- Task prompt:
Leaving out every picture, quote the data below exactly as it appears.

- Provided material:

+ + + + + + +

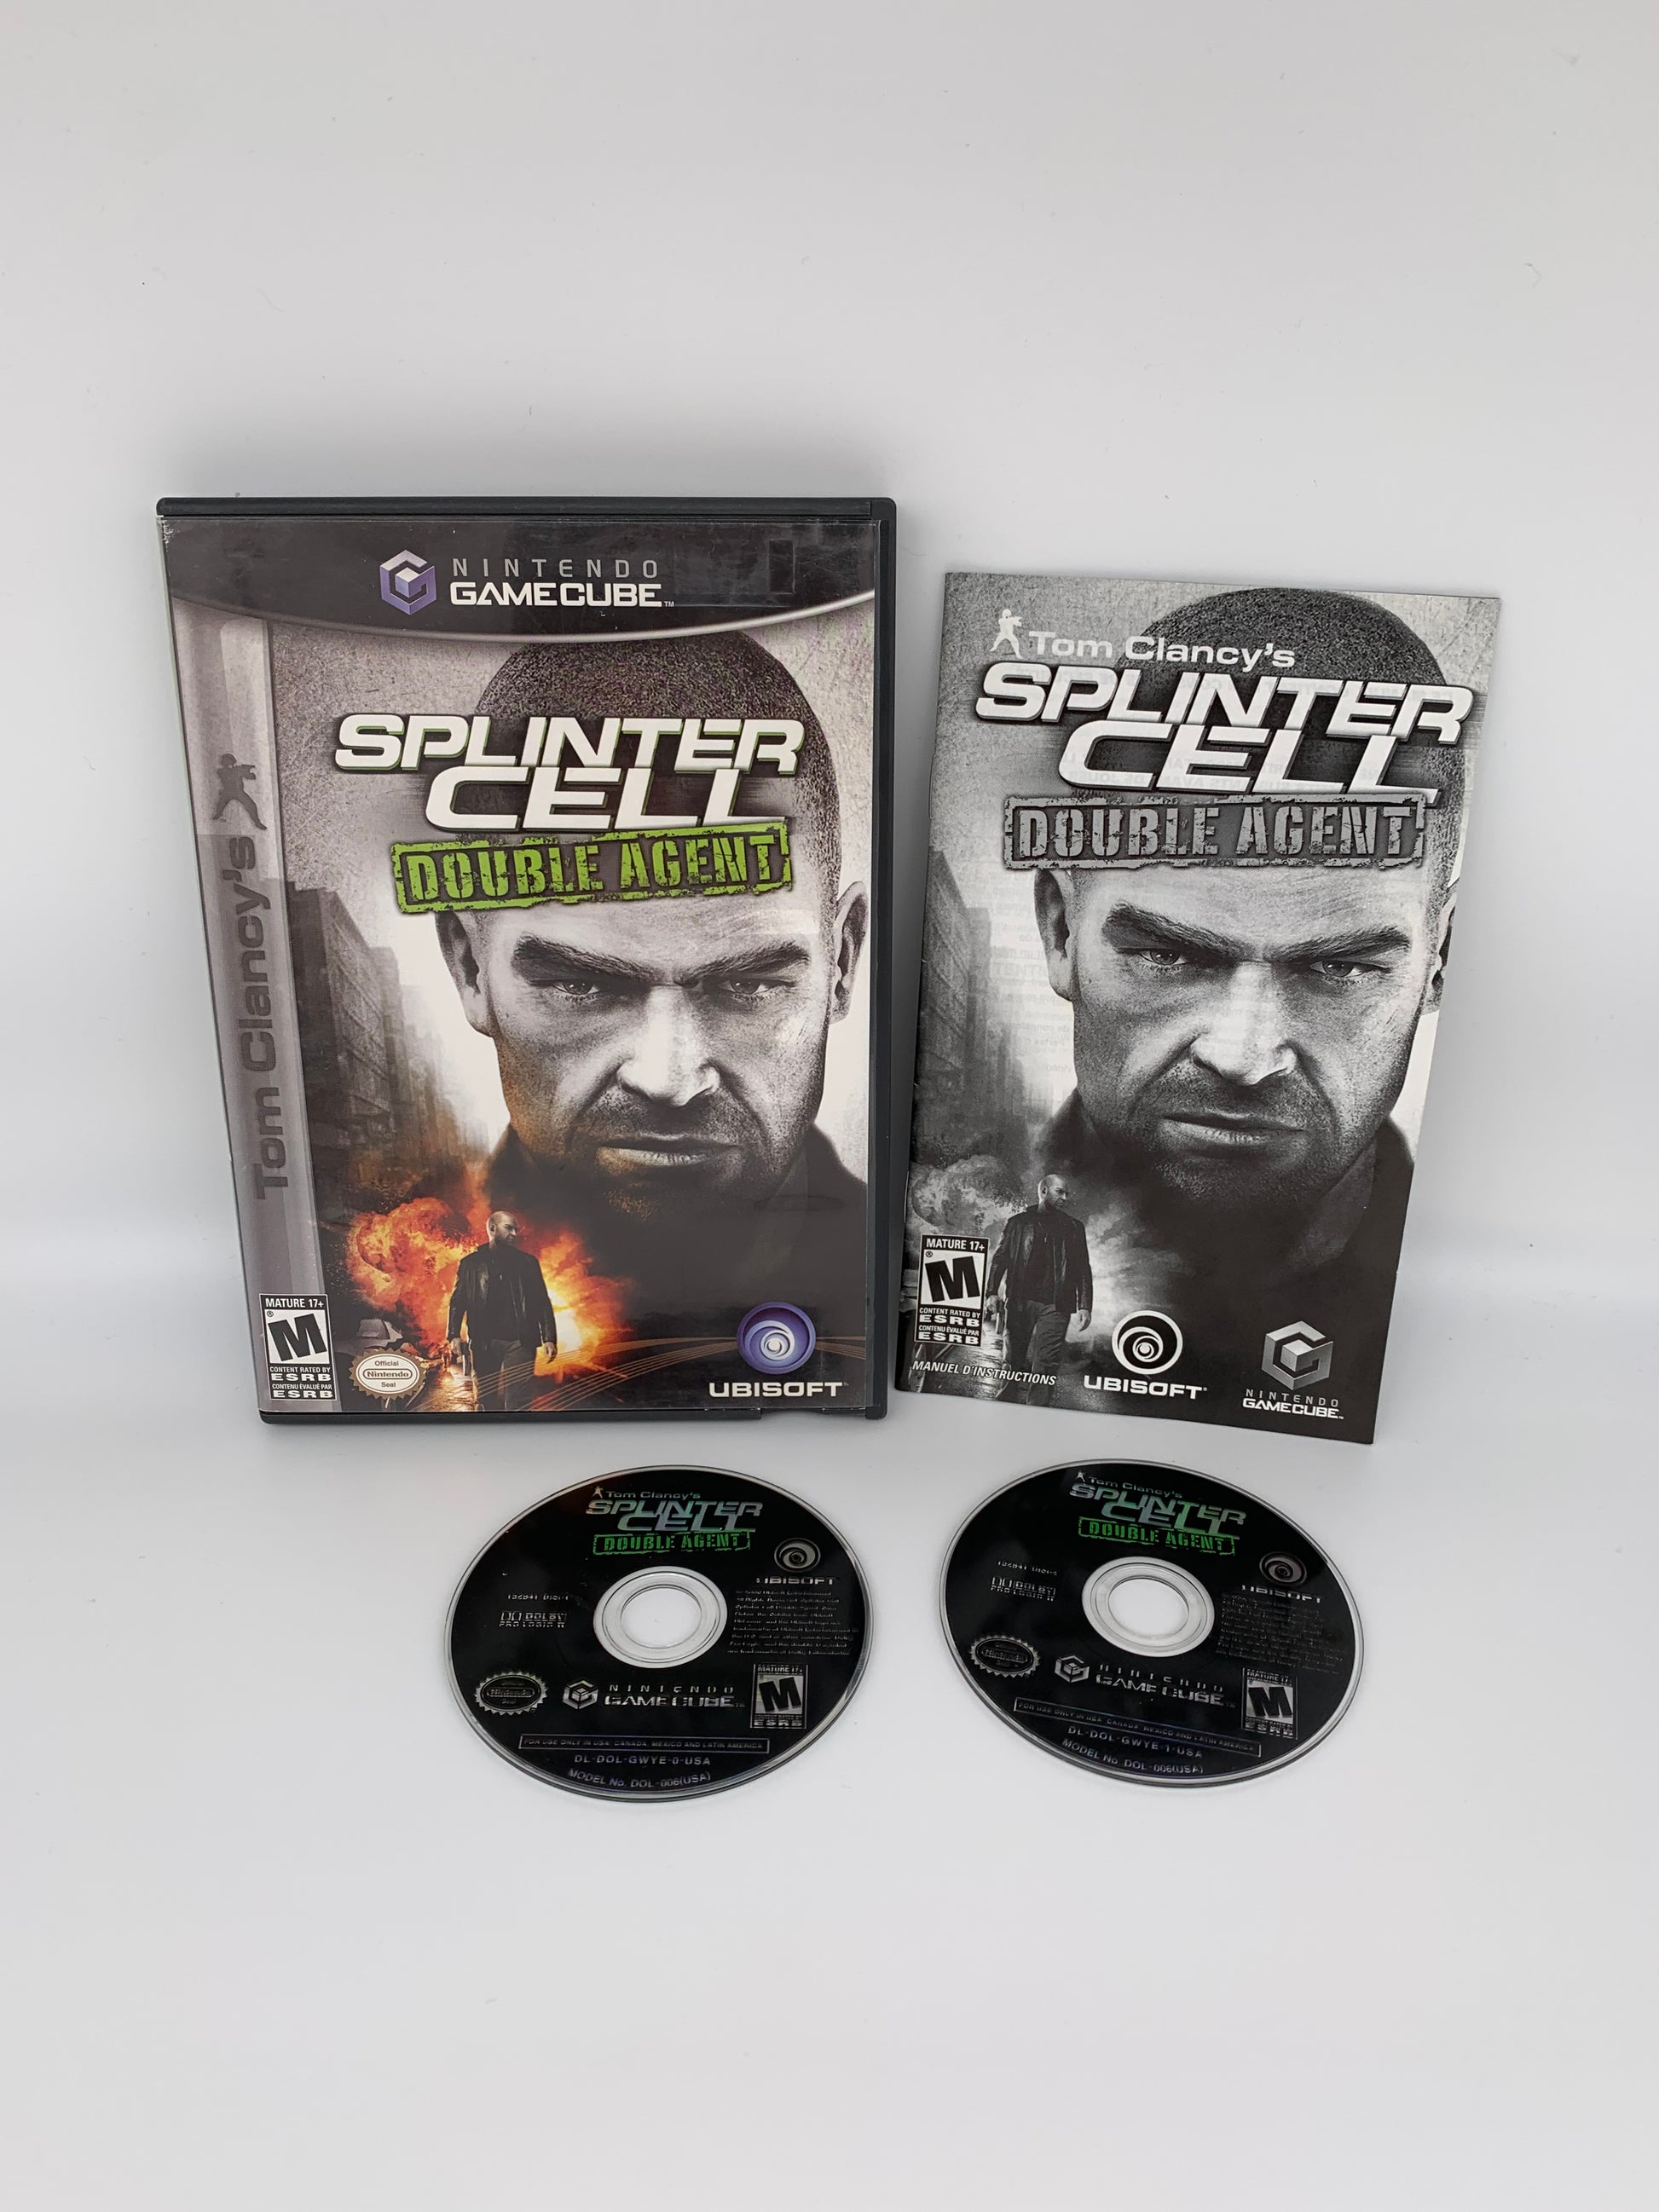 PiXEL-RETRO.COM : NINTENDO GAMECUBE COMPLETE CIB BOX MANUAL GAME NTSC TOM CLANCEY'S SPLINTER CELL DOUBLE AGENT
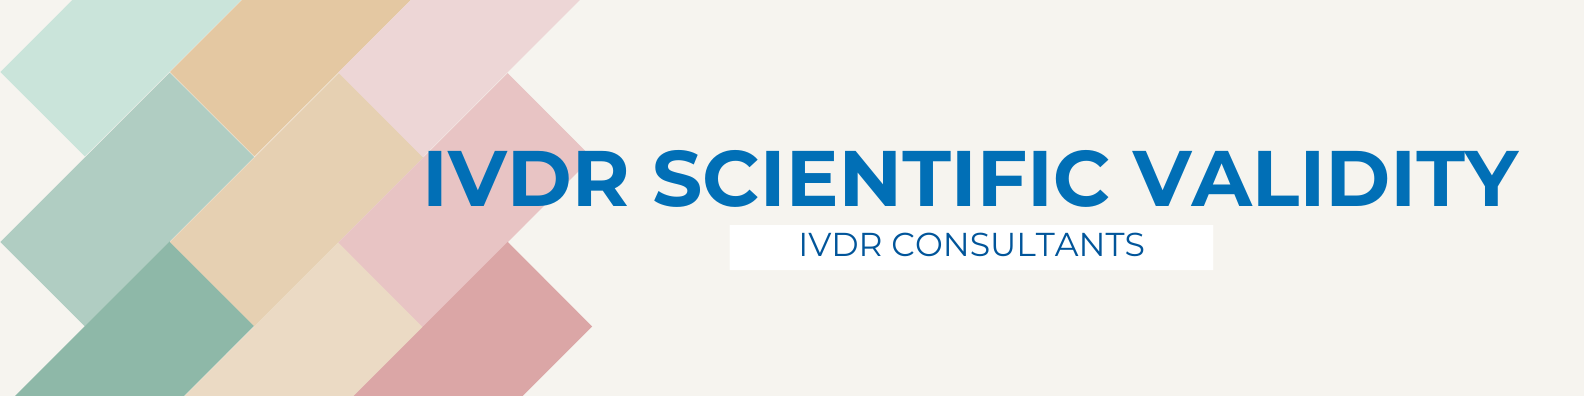 IVDR SCIENTIFIC VALIDITY
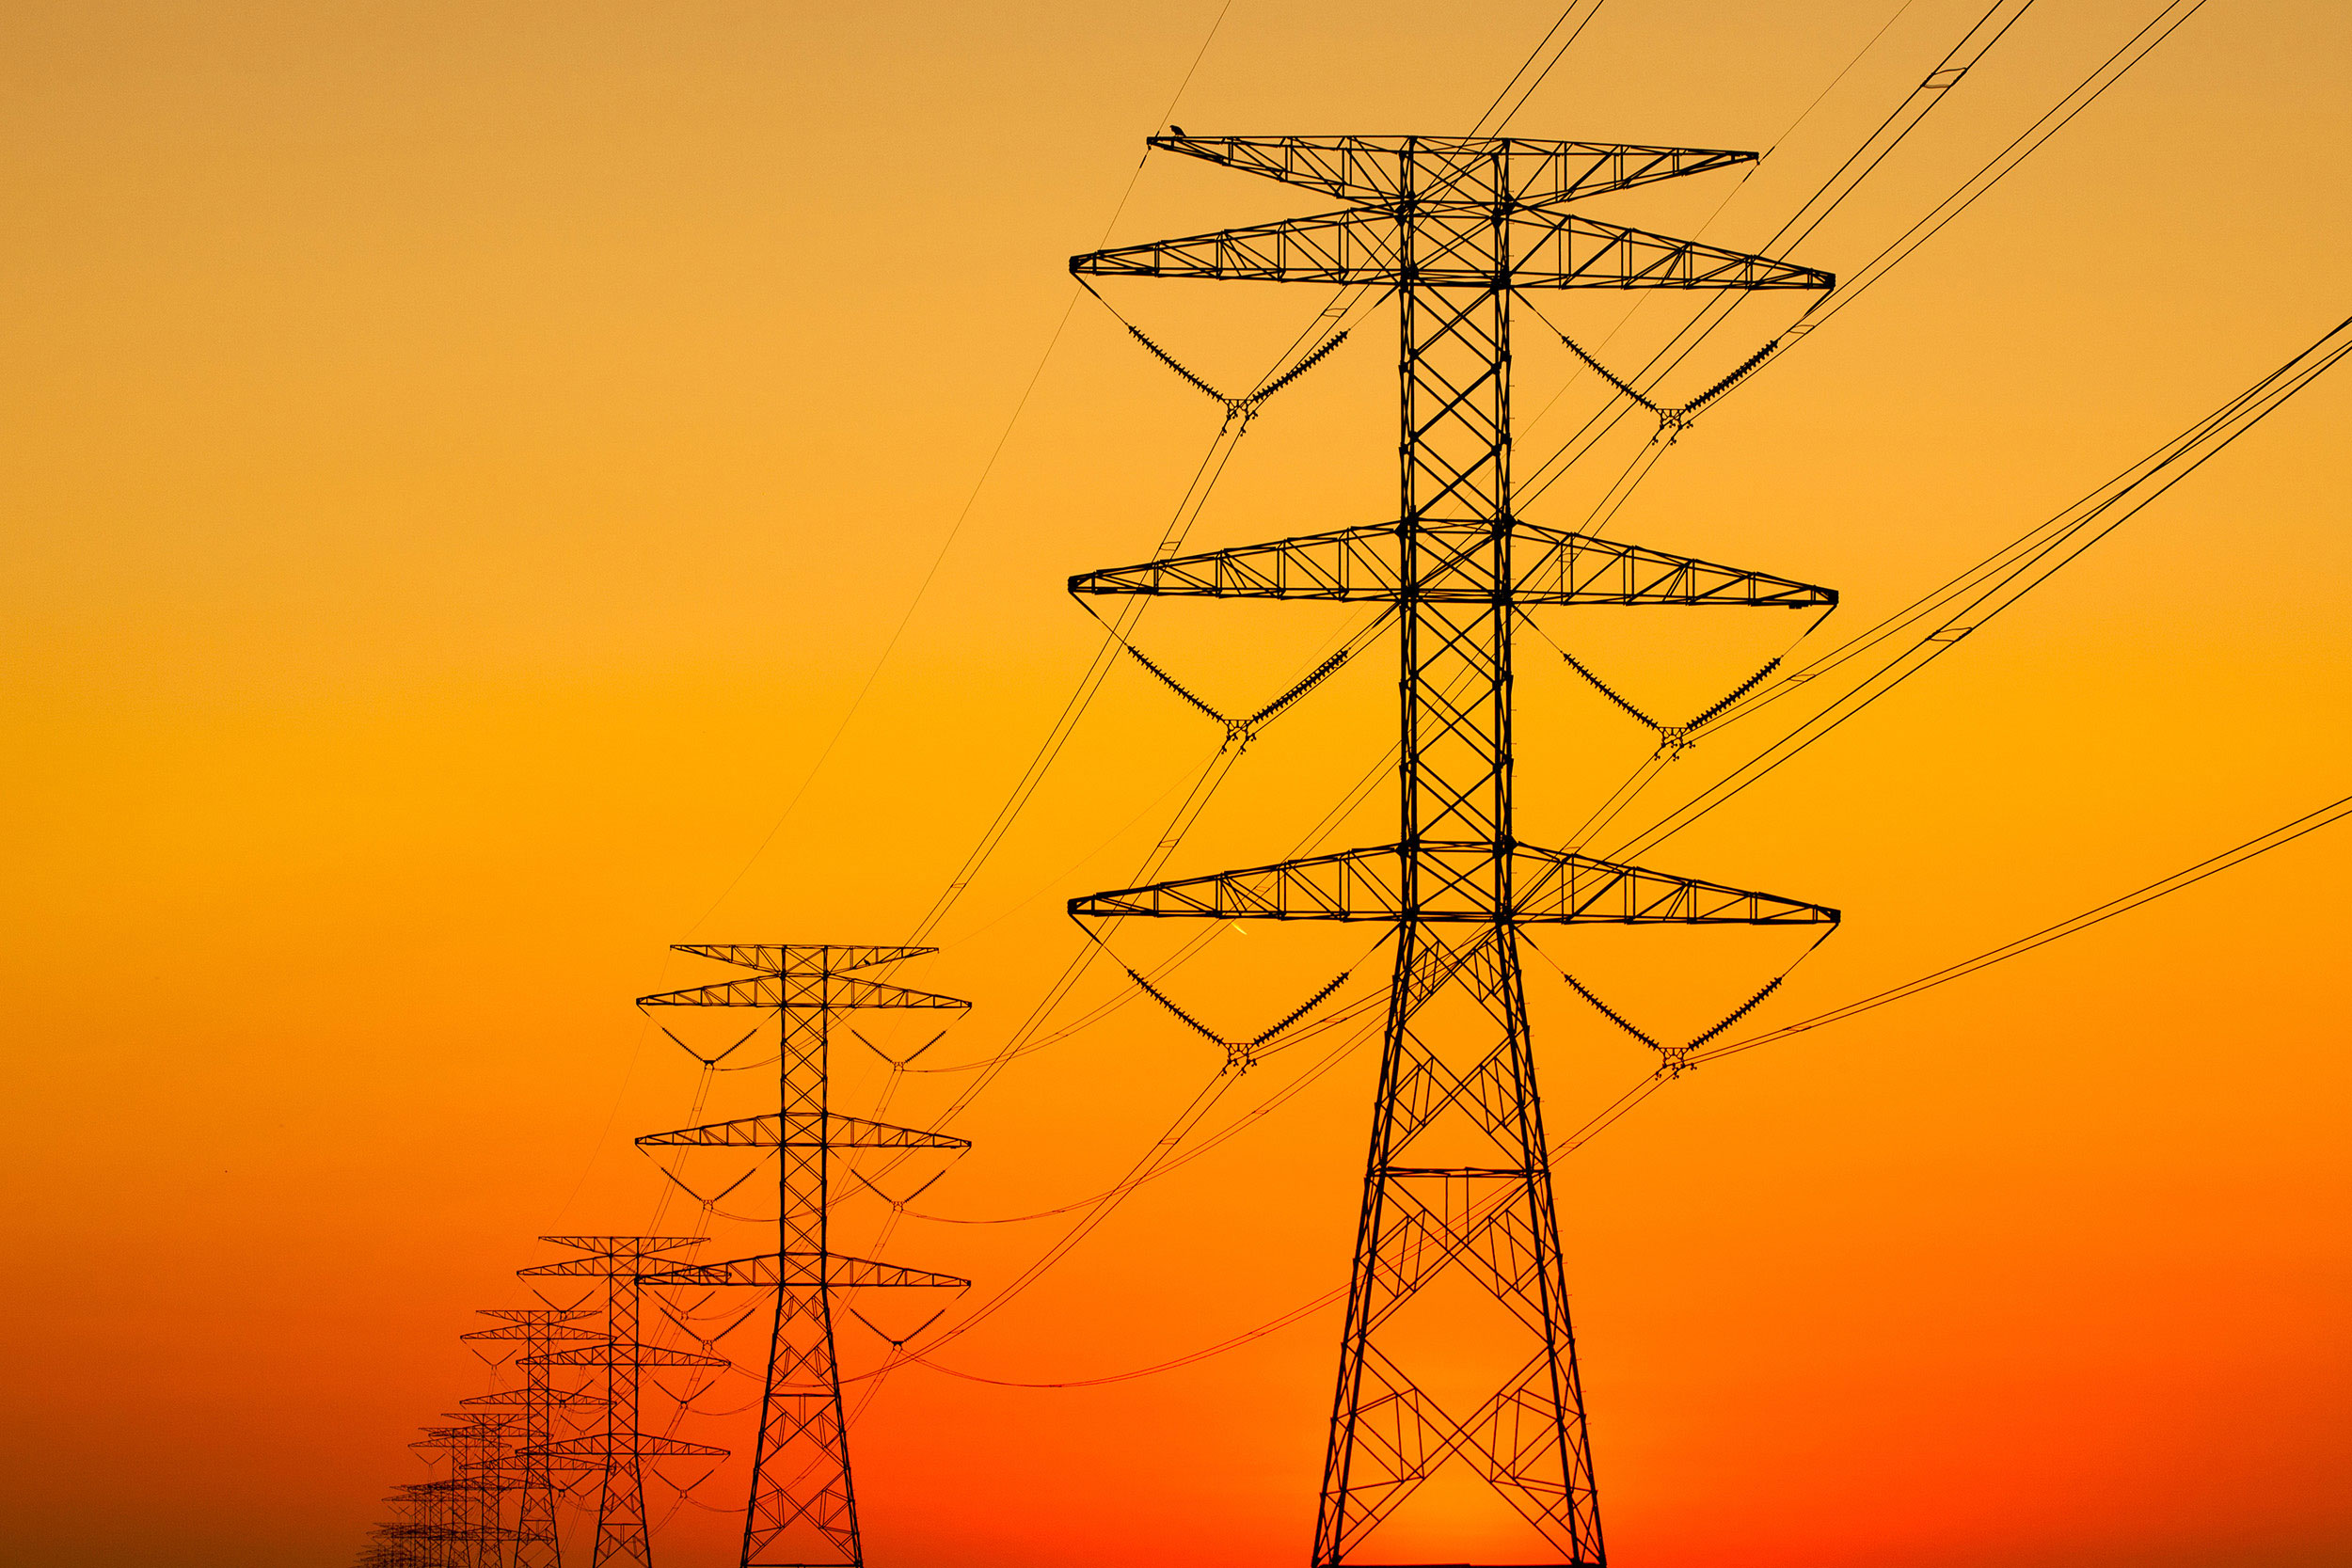 A large string of powerlines set against a brilliant orange sunset

+ + + + + + +

- Solution to this exercise:
 PiXEL-RETRO.COM : NINTENDO GAMECUBE COMPLETE CIB BOX MANUAL GAME NTSC TOM CLANCEY'S SPLINTER CELL DOUBLE AGENT
 IVDR SCIENTIFIC VALIDITY
 A large string of powerlines set against a brilliant orange sunset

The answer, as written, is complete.